A tak na marginesie archiwalna informacja elektroniczna aby była efektywnie wykorzystywana nie musi nie musi być od razu integrowana. Wystarczą porządne wyszukiwarki. Pozdrawiam.
witam
przpominam, że chodziło o ilość archiwów elektronicznych...
Jeśłi chodzi o liczbę archiwów elektronicznych to moim zdaniem - i tu zgadzam się z Panią Justyną Adamus - powinno być jedno. To nie znaczy że dokumenty elektroniczne mają być przechowywane w jednym miejscu, co również zostało już tu powiedziane. Ale to nie znaczy też, że pracownicy tegoż archiwum muszą pozostawać w jednym miejscu. Na dobrą sprawę mogą pracować w domu (koszty!). Pytanie tylko co mieliby robić? Metadane pozwolą dokumenty uporządkować i przeszukiwać w sposób w pełni zautomatyzowany więc po co archiwiści? Wystarczy kilku pracowników, którzy w magazynach będą odkurzać cd, dvd, czy inne nośniki. Może należałoby zapytać też o rolę archiwistów w przyszłości zdominowanej przez e-dok?
(...)
Przeniosłem te dwa cytaty z tematu
Ile powinno być archiwów elektronicznych? aby zapoczątkowac dyskusję o tym czym będą się zajmować archiwiści zajmujący się dokumentem elektronicznym.
Bo tak:
1. Na pewno daje się zauwazyć przywiązanie do metodyki archiwalnej ukształtowanej w czasach dyliżansów...
. Na ostatniej konferencji
Jerzy Skowonek Dedicata pozwoliłem sobie nazwać taką metodykę "carrier oriented". Myślę, że ta metodyka jest bardzo dobra tylko że ... 10 lat temu. To faktycznie
był rekord świata umieć znaleźć informację na podstawie tak skąpych danych. Ale dzisiaj jest już inaczej a archiwiści nie bardzo potrafią się od nośnika oderwać i realizować politykę "content oriented". Czyli zamiast przywiązywać informację do nośnika trzeba przywiązywać nośniki do informacji. To się po prostu w głowie nie mieści! Na
dictum że nośniki są tylko
chwilowym miejscem przechowywania dokumentacji elektronicznej ortodoksi mówią duże NIE BO TAKA JEST METODYKA. Trudno się wtedy dyskutuje...
2. Czy długo nie będziemy dysponować zintegrowanym systemem informacji? Jak nie będziemy o nim mówić, przymierzać się, planować środki (nawet jak ich od razu nie dostaniemy) to na pewno go nie będzie.

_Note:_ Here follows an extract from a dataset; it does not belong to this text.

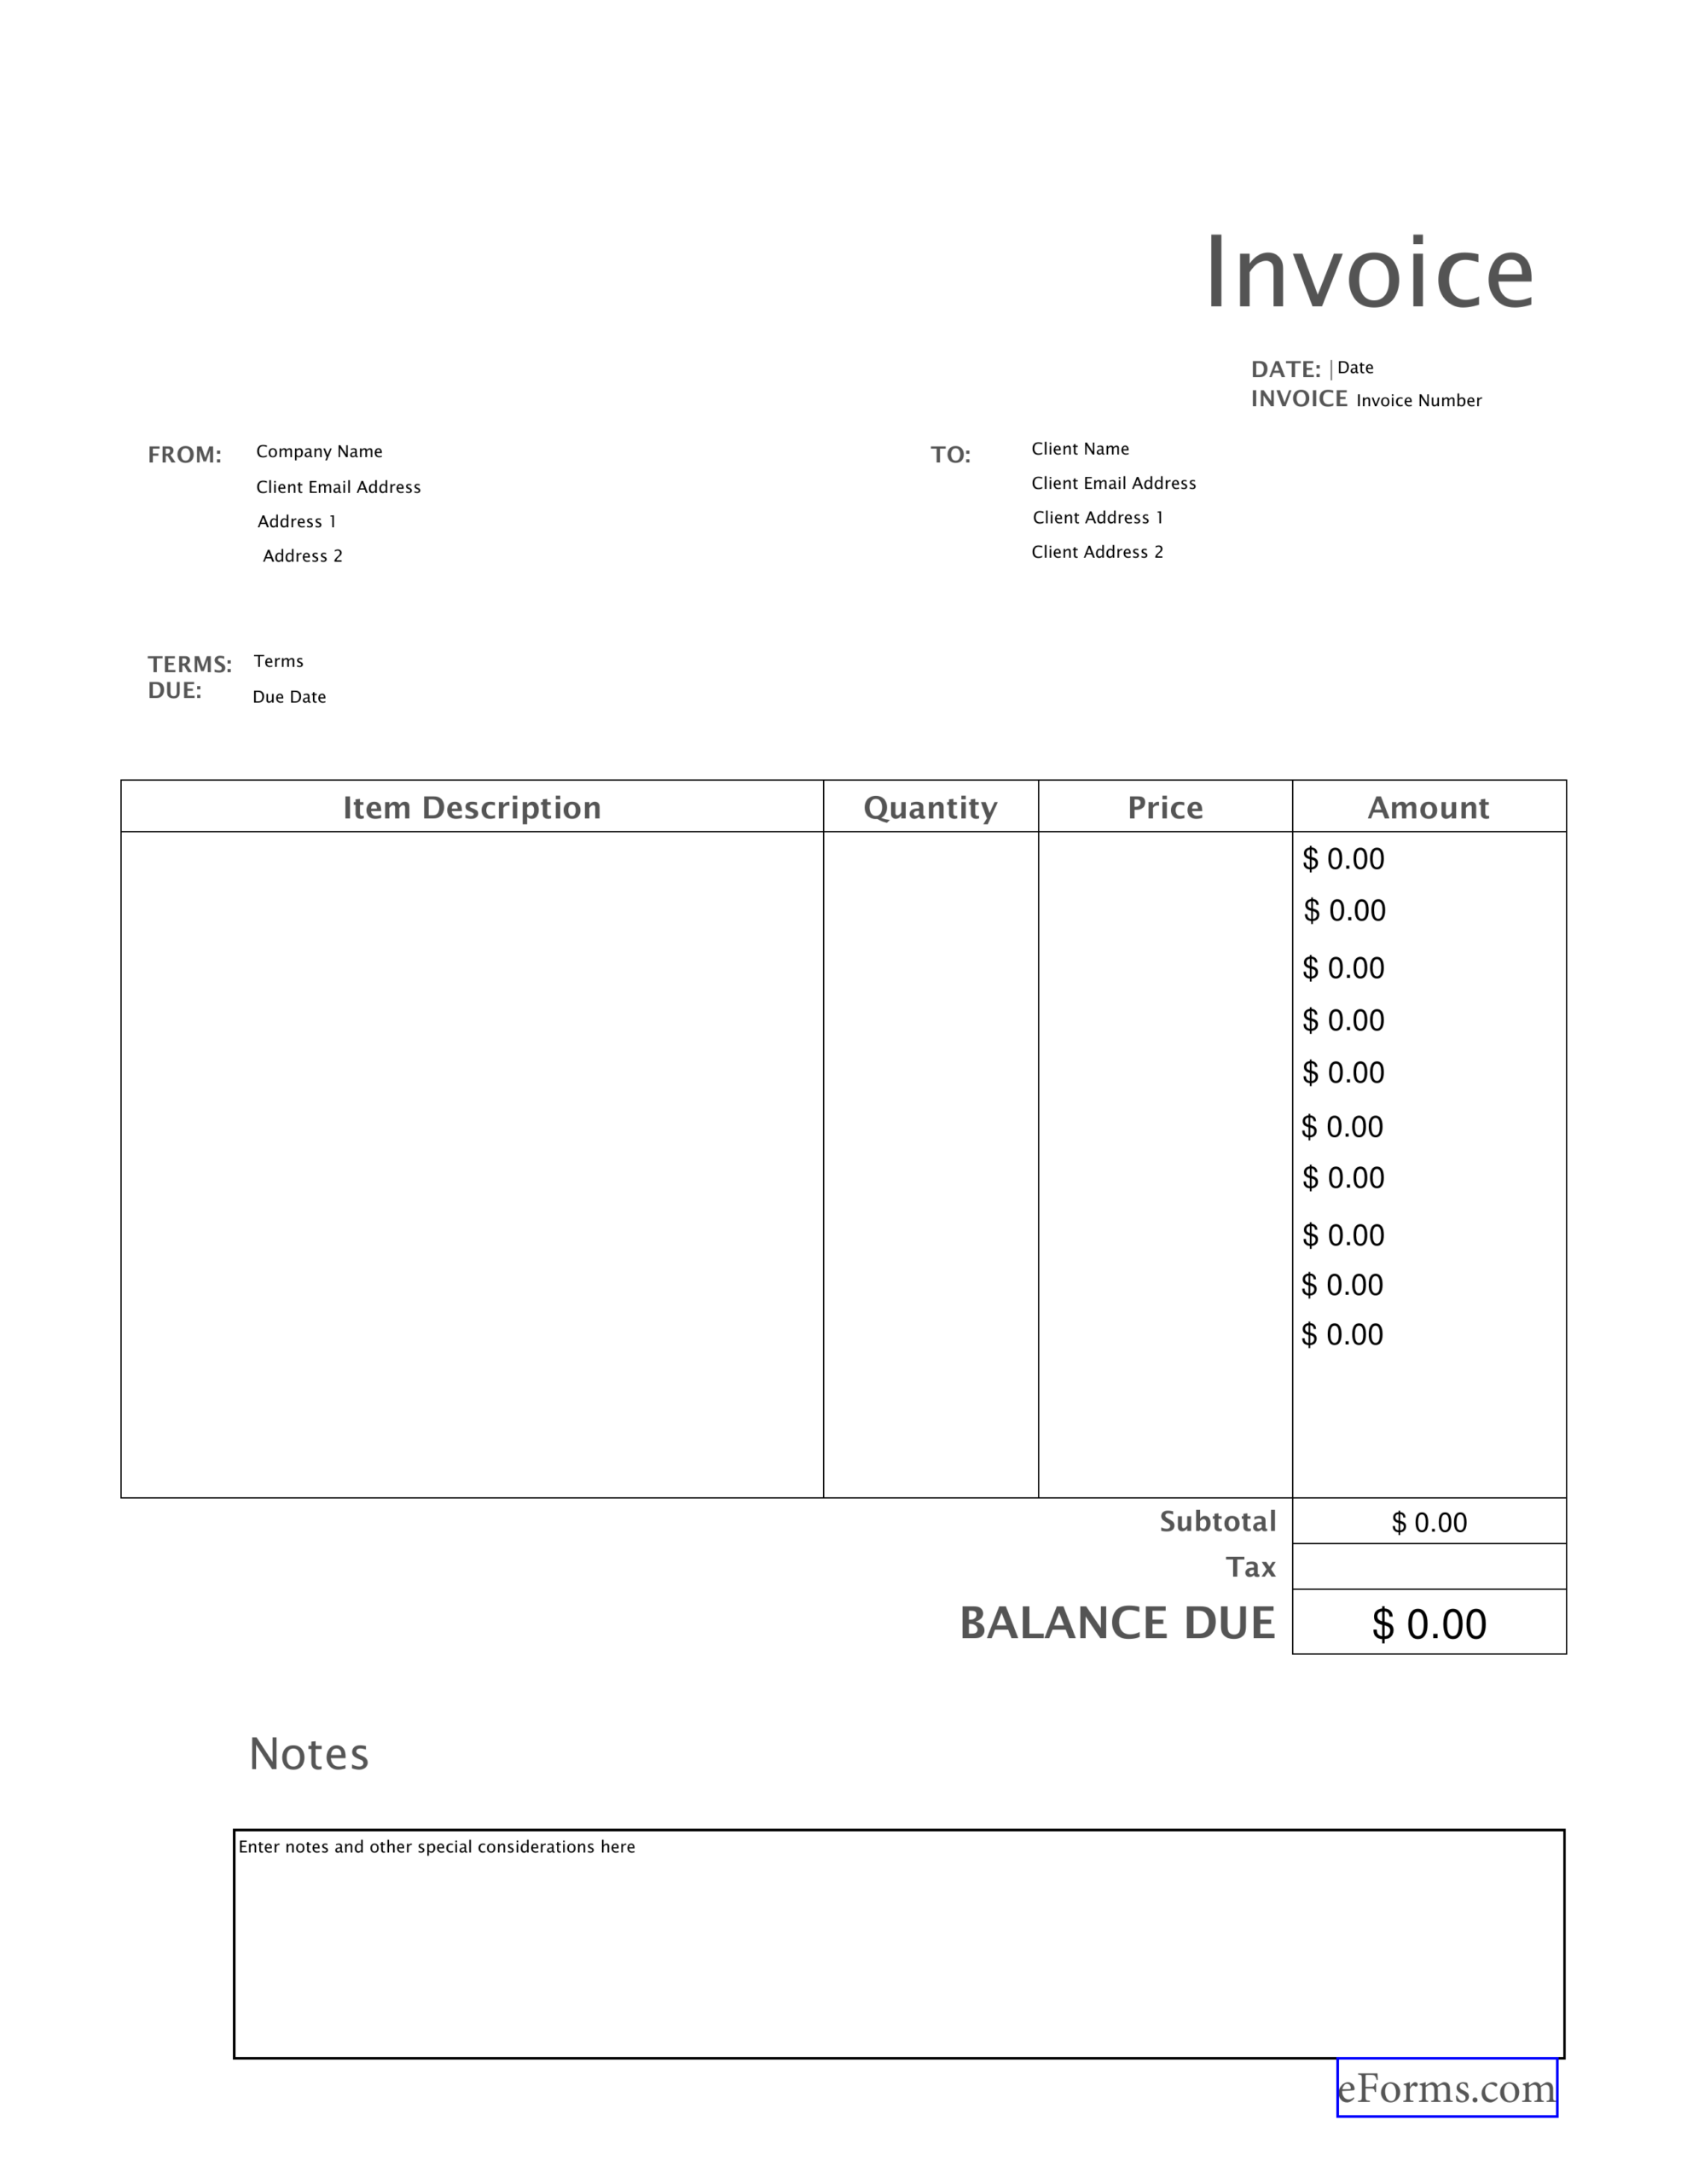 Free Blank Invoice Templates – Pdf | Eforms – Free Fillable Within Invoice Template Filetype Doc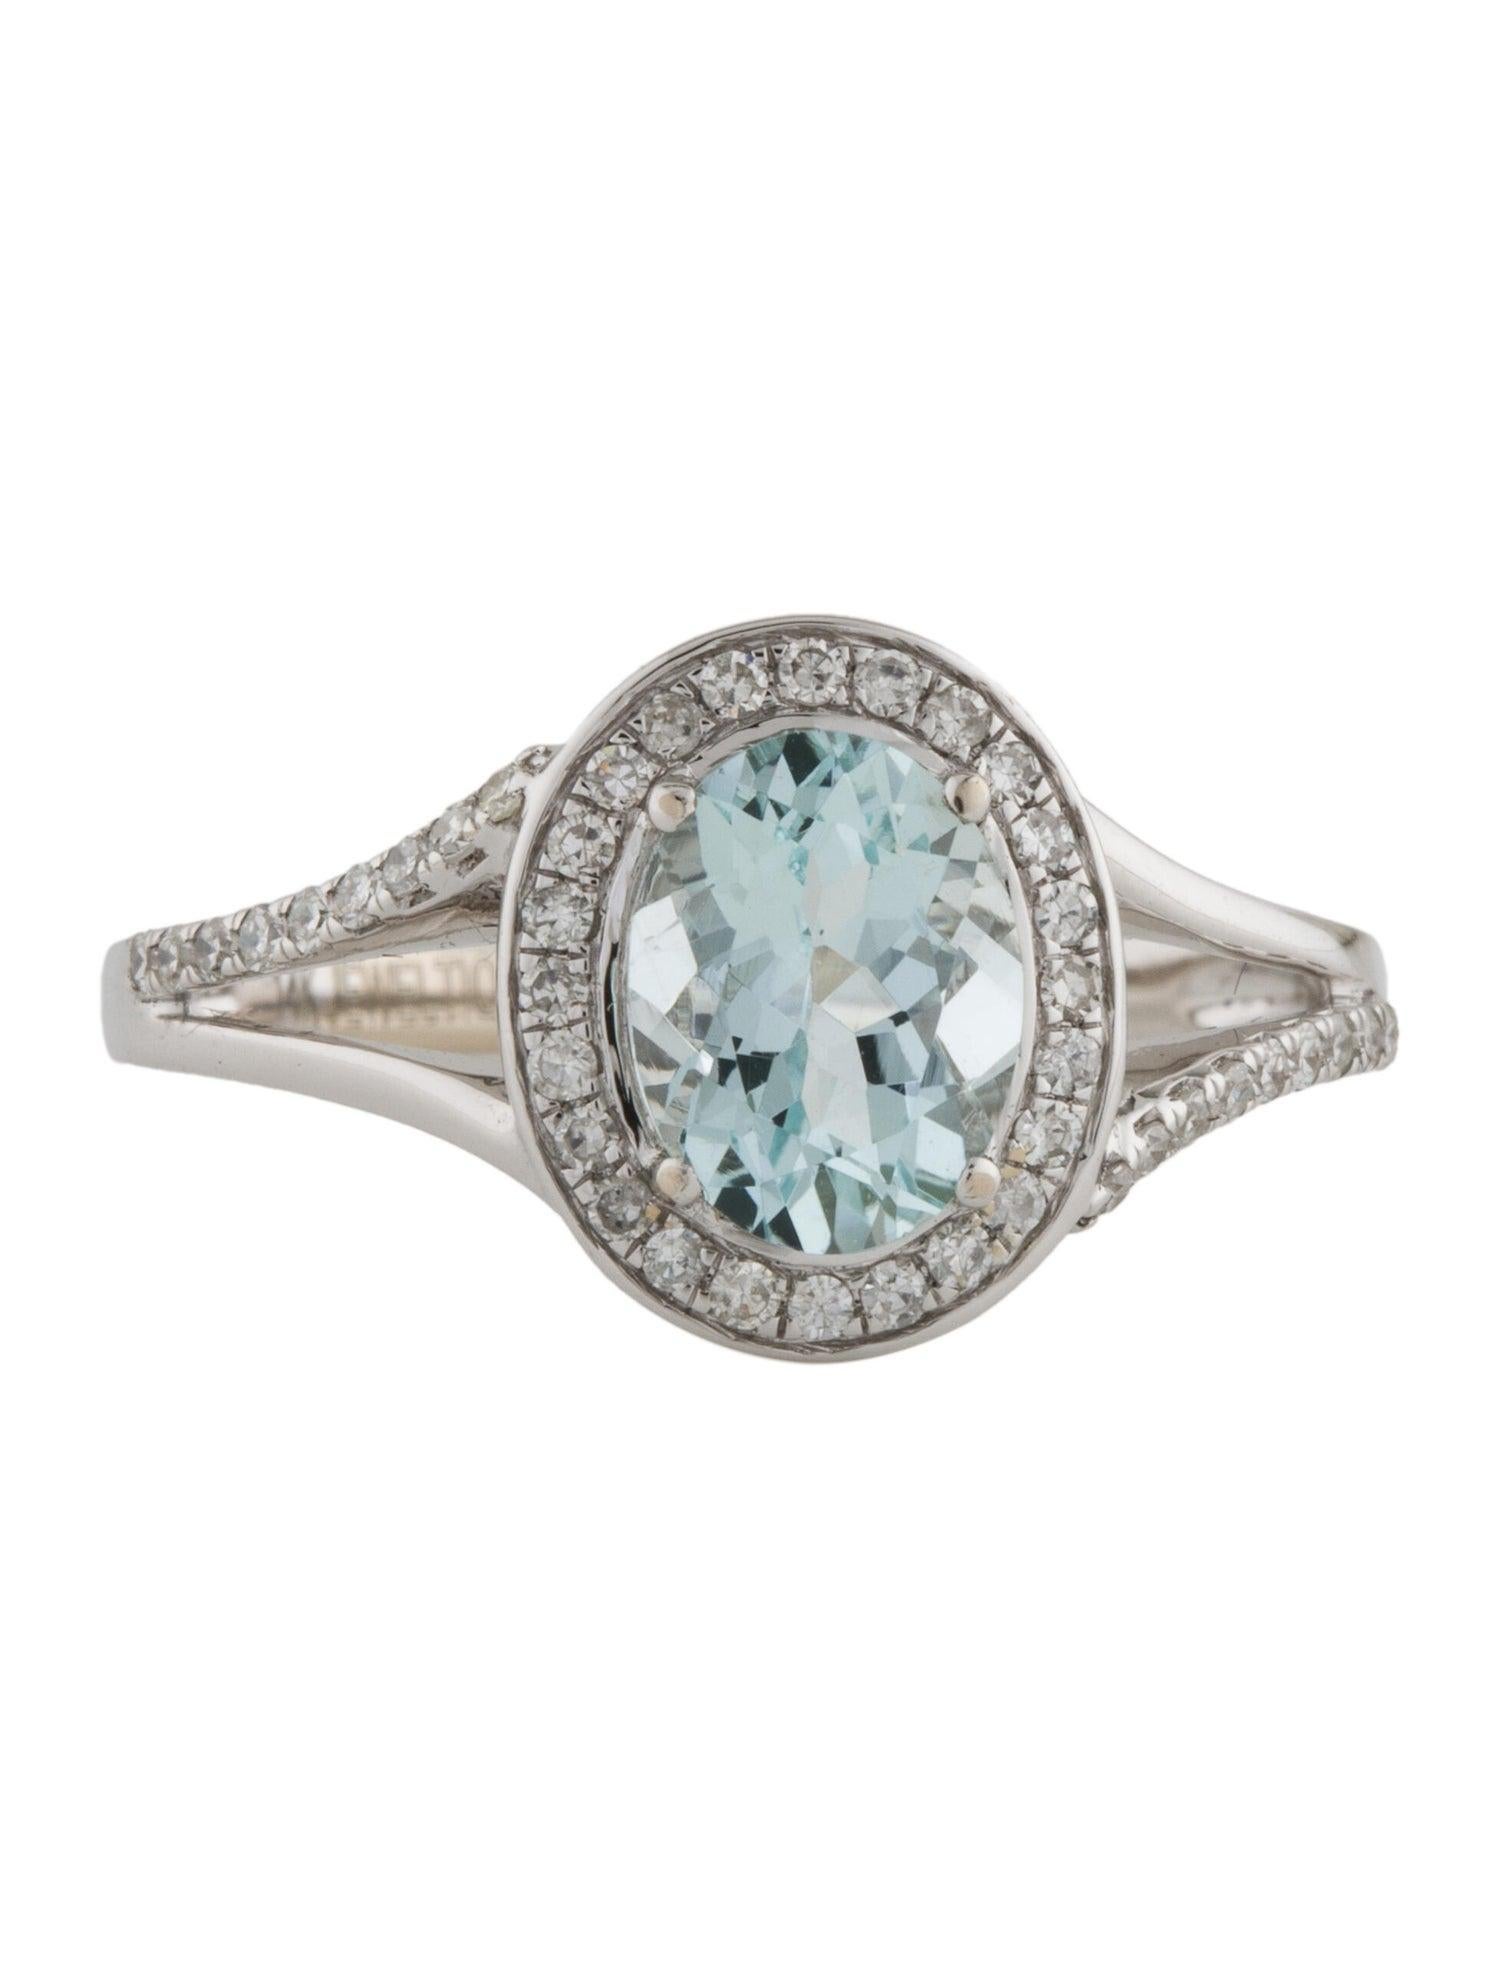 Dive into the tranquil beauty of the ocean with our Seaside Serenity Aquamarine and Diamond Ring, a captivating piece inspired by the soothing blue hues of aquamarine. Crafted with precision and care by Jeweltique, a brand with over 50 years of

Wydaje mi się, że jednak można spróbowac policzyć ile kosztuje dzisiejsza przestarzała metodyka. Okaże się że wcale nie tak mało. Ponadto każda produkcja wymaga ... utylizacji. I szansą dla archiwów jest właśnie konieczność stworzenia zaufanego miejsca do przechowywania dokumentacji "born digital". Podkreślam: KONIECZNOŚĆ.
3. Czy informacja musi być integrowana? Pewnie że nie musi. Ale POWINNA. Porządne wyszukiwarki pozwalają na odnalezienie wielu rzeczy ale skoro potrafiliśmy dokładnie okreslić jak ma wyglądać teczka aktowa to dlaczego nie możemy dokładnie określić jakie metadane mają być przyporządkowane do "elektroteczki"? Co takiego stoi na przeszkodzie? Jak takie "elektroteczki" możnaby kszałtować opisaliśmy tu:
http://epl.icm.edu.pl/e-PL/Ponadto są takie rodzaje materiałów dla których "porządne wyszukiwarki" nie wystarczą, bo po prostu nie są to materiały tekstowe.
4.Załóżmy więc nieskromnie, że będzie system zintegrowany do zarządzania metainformacją o materiałach tradycyjnych (to jedno zadanie) i i będzie też archiwum do zbierania materiałów wyłącznie elektronicznych (to drugie zadanie) to co będą robić archiwiści?
5. Zapewne nie będą odkurzać cd, dvd, czy innych nośników
. Zwyczajnie z tego powodu że jeśli za taką rzecz się zabierzemy to "nośnikiem" będzie pamięć masowa (np oparta o taśmy DLT 320GB każda). I nikogo nie będzie obchodziło co konkretnie jest na jakej tasmie zapisane. To co będą robić?
6. Ci "od papieru" będą robić prawie to samo co dotąd. Przecież najwięcej pracy jest przy rozpoznaniu zespołu. Dopiero potem będzie inaczej i na pewno nie na kartce... Papier będzie co najwyżej kopią wydrukowaną z systemu.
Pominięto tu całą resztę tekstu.